Records from a data source
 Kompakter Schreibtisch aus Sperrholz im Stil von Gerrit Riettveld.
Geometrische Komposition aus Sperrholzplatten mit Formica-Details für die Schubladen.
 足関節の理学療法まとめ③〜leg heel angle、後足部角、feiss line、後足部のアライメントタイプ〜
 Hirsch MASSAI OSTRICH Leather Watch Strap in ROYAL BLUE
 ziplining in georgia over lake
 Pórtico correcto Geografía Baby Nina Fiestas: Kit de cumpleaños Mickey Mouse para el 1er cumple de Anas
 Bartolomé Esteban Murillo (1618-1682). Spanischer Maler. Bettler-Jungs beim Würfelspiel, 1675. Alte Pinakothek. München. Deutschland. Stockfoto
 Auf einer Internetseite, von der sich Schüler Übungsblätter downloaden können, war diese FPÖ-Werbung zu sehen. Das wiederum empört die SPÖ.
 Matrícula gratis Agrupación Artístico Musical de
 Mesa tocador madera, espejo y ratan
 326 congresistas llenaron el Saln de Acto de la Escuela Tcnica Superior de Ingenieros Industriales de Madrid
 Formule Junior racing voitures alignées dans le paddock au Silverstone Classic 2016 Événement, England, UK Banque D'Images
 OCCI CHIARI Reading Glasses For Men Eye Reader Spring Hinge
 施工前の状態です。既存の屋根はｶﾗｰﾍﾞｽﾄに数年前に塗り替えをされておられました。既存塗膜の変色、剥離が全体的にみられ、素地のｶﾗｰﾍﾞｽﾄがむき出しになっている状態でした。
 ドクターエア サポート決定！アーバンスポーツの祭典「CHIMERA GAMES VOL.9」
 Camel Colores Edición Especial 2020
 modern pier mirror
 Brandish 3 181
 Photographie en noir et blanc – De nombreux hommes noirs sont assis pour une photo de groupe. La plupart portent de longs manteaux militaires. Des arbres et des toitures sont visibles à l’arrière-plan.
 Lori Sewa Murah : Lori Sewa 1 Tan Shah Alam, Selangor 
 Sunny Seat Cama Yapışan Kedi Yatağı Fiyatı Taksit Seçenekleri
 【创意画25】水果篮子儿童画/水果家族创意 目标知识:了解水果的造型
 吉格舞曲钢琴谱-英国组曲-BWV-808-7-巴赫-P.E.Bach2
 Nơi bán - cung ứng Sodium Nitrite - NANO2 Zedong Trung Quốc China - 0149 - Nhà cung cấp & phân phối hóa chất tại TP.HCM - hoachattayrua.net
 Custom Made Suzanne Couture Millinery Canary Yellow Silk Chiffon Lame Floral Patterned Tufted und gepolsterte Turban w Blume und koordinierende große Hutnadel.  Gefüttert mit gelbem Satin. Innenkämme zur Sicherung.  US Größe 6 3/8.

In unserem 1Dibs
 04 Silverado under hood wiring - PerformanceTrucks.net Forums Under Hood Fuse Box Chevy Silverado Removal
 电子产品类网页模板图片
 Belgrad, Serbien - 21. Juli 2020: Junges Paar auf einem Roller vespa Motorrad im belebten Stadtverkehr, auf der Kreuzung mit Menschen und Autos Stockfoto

REQUIREMENT
Please write out exactly the lines from the start of the data through the line that contains "Pórtico correcto Geografía", both ends included, and nothing else.

RESPONSE BOX
 Kompakter Schreibtisch aus Sperrholz im Stil von Gerrit Riettveld.
Geometrische Komposition aus Sperrholzplatten mit Formica-Details für die Schubladen.
 足関節の理学療法まとめ③〜leg heel angle、後足部角、feiss line、後足部のアライメントタイプ〜
 Hirsch MASSAI OSTRICH Leather Watch Strap in ROYAL BLUE
 ziplining in georgia over lake
 Pórtico correcto Geografía Baby Nina Fiestas: Kit de cumpleaños Mickey Mouse para el 1er cumple de Anas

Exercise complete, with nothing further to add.